Pregnancy is a special period for women. During this period, steroids are of particular importance for normal pregnancy, and the concentrations of many steroids undergo great changes. In this study, we enrolled 30 singleton second-trimester pregnant women and analyzed their steroid metabolome using the proposed LC/MS/MS method. The separation efficiency remained excellent during real sample detection, and chromatograms of steroids in serum samples of pregnant women are shown in Fig. 4. The baseline characteristics and steroid concentrations are listed in Table 7.

Fig. 4.

Chromatographic separation of steroids in serum samples from pregnant women, including the respective m/z ratio of the quantifier ion.

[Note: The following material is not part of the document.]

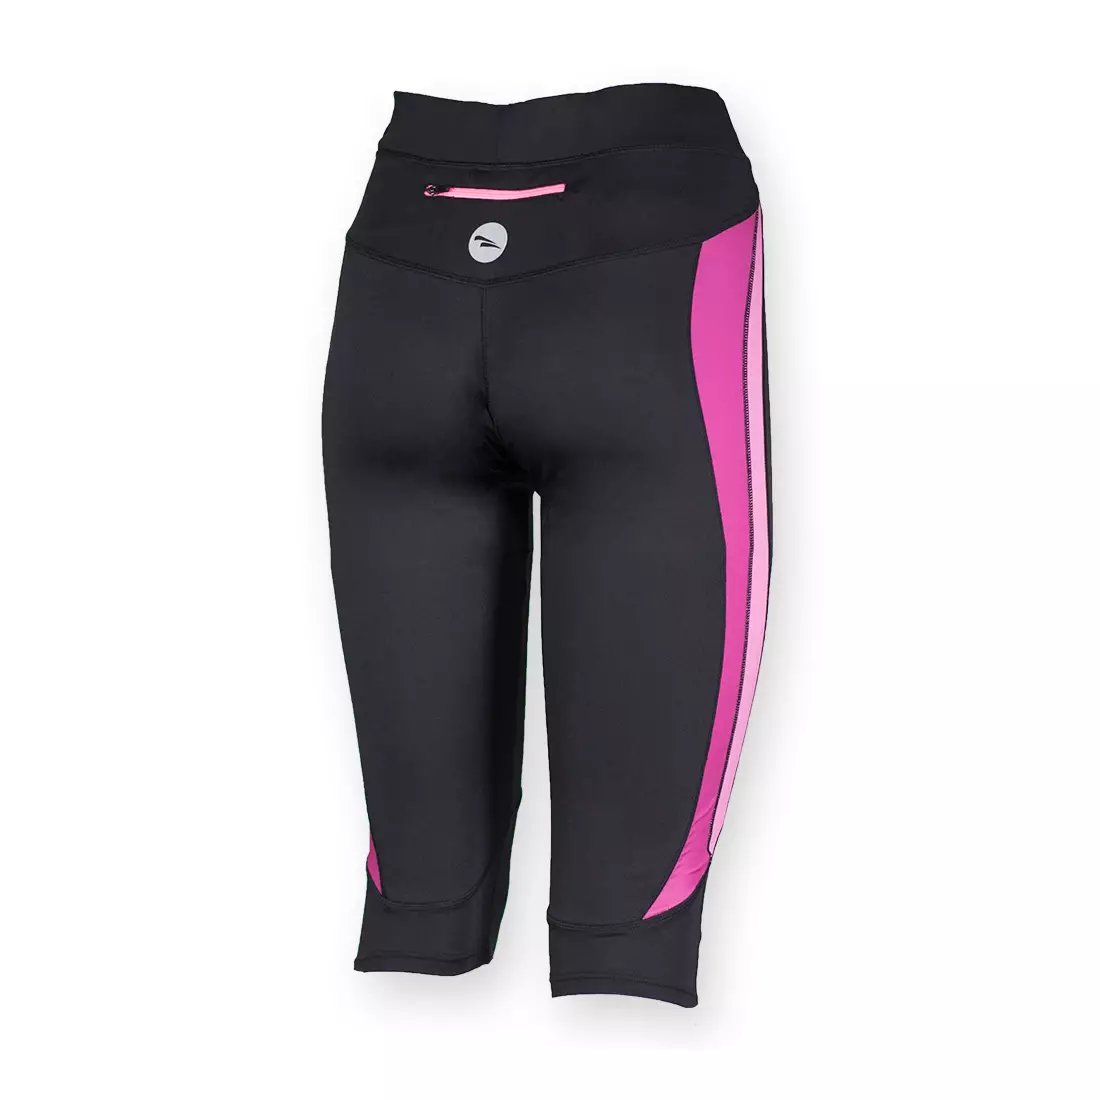 ROGELLI TONIA women's running shorts, 3/4 leg, black and pink

Asterisks indicate the target peak.

TABLE 7.

Baseline characteristics and steroid concentrations of pregnant women

Variables	Mean ± SD	Range
Ages (years)	31.68 ± 4.95	24–40
Gestational age (weeks)	17.26 ± 2.46	12.43–22.86
Steroids (ng/ml)
Testosterone	0.56 ± 0.17	0.32–0.98
E2	4.64 ± 1.37	2.30–7.64
DHEA	6.37 ± 3.29	2.01–14.01
COR	143.34 ± 49.86	55.68–233.59
CORT	3.71 ± 3.35	0.37–11.66
E3	1.09 ± 0.73	0.17–3.58
Preg	2.01 ± 0.56	1.10–3.57
17OHPreg	0.24 ± 0.19	0.03–0.75
17OHP	2.60 ± 1.05	1.35–6.09
AD	1.74 ± 1.42	0.31–7.66
Progesterone	67.61 ± 15.12	30.50–95.04
DOC	0.82 ± 0.35	0.41–1.94

CONCLUSION

In summary, this LC/MS/MS method describes a reliable and sensitive assay based on acylation derivatization for steroid metabolome that possesses high accuracy and requires very low serum consumption. This method was successfully applied in a steroid metabolome analysis of pregnant women and is a promising avenue for future research on steroid metabonomics.